Los dos trabajaban juntos desde hacía cinco años y por lo tanto se conocían bastante bien, conforman un buen equipo y juntos habían logrado sacar el departamento adelante. Simón era una persona calmada y le costaba tomar decisiones, por lo que el ritmo acelerado y el carácter seguro de Doa eran un buen complemento. Esto era algo que él reconocía abiertamente cada vez que hablaba con el dueño de la empresa. El hecho de que ella quisiera hablar con él tan repentinamente le generaba una gran preocupación. La conversación que iba a tener sería difícil, y lo sabía.
Simón medía casi dos metros de alto y a pesar de tener una contextura relativamente gruesa, debido al tiempo que pasaba montando su bicicleta de ruta, se sentía una persona saludable. Sin embargo, el pulso acelerado, la sensación de frío y el sudor en las manos que sentía en momentos como ese, o sea, cada vez que se ponía extremadamente nervioso, le recordaban que siempre buscaba excusas para no ir a visitar a su médico de cabecera y hacerse las pruebas necesarias para verificar que no tuviese problemas cardiacos.
Sentado en su escritorio veía su laptop, pero sin poder concentrarse realmente en lo que hacía.
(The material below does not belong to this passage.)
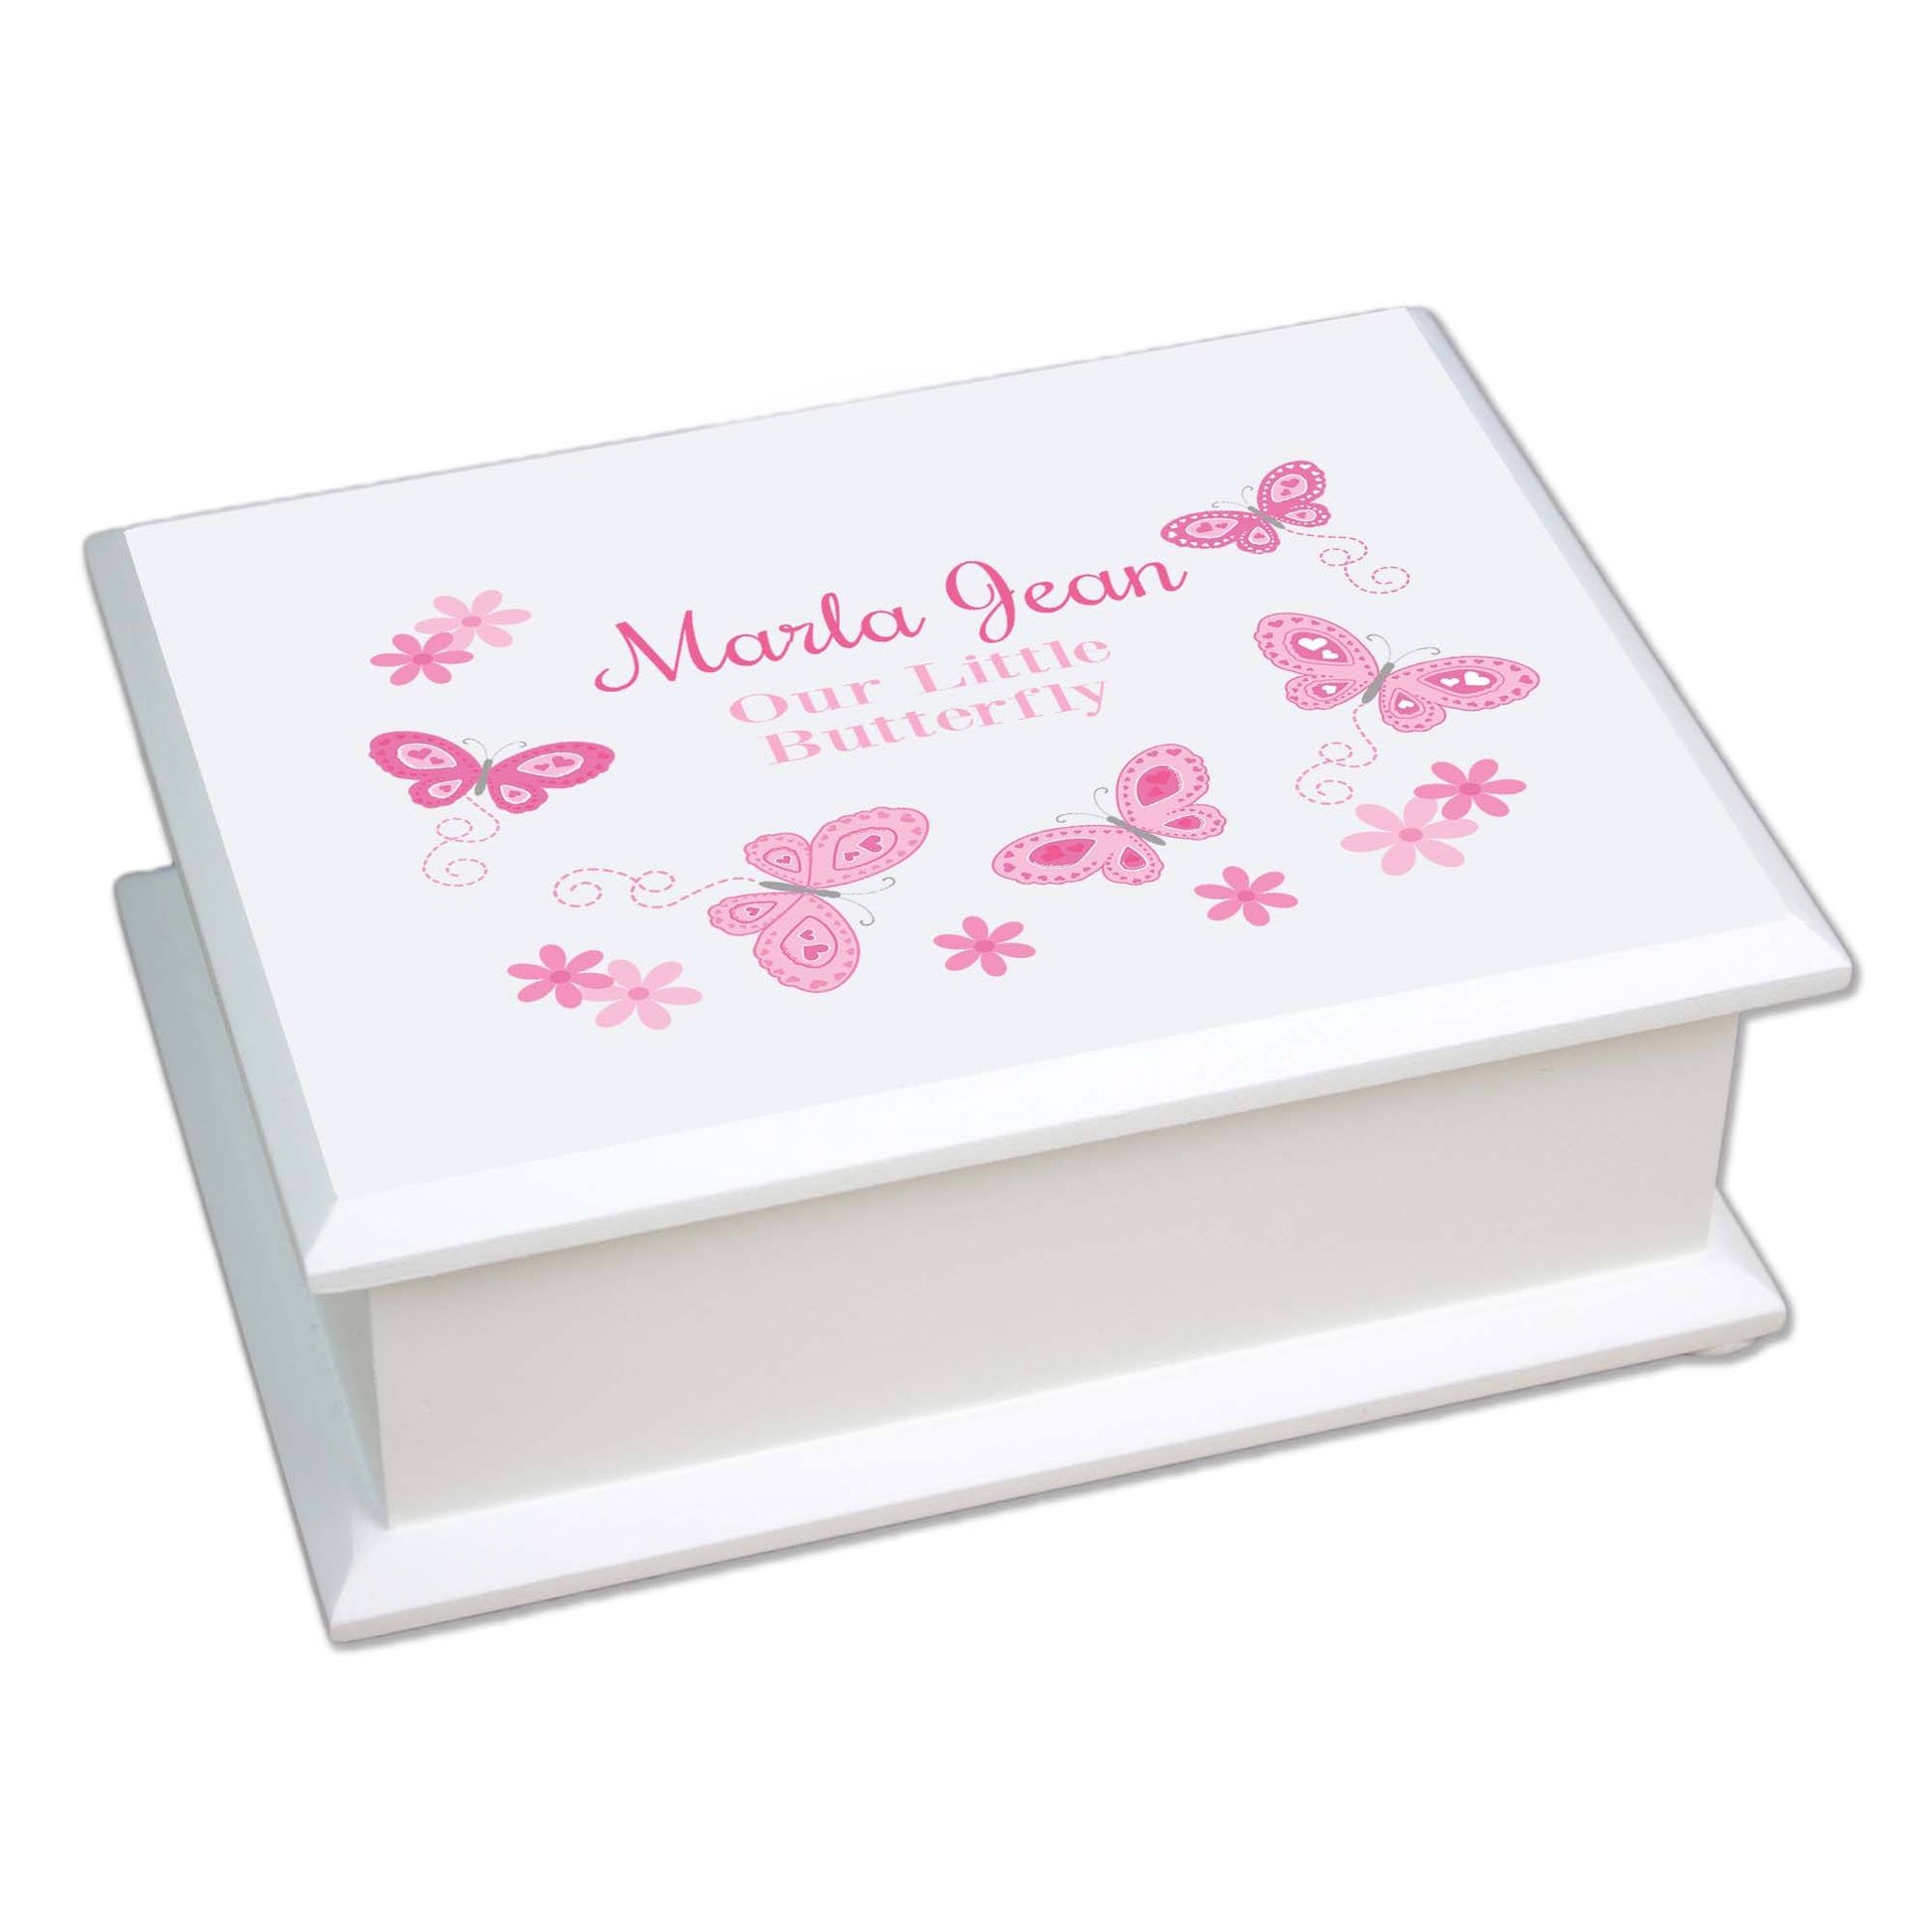 Personalized Lift Top Jewelry Box with Butterflies Pink design

Estaba distraído, preocupado. No sabía qué había ocurrido con Doa y qué tan grave era la situación, quería saber si había alguna manera de tranquilizarla. Después de todo, le importaba el bienestar de su colega, y además quería asegurarse de que nada en su entorno se viese alterado.
Cada cinco minutos le daba una mirada al reloj de la pared. Según instrucciones del dueño, todas las oficinas de los jefes debían tener un diseño minimalista y debían estar pintadas de color blanco crema. Por lo tanto, y en contra de los deseos de Simón, junto a su escritorio solo tenía un pequeño aparador de color beige que hacía juego con el resto de los muebles, y un par de sillas, también de color beige, frente a él.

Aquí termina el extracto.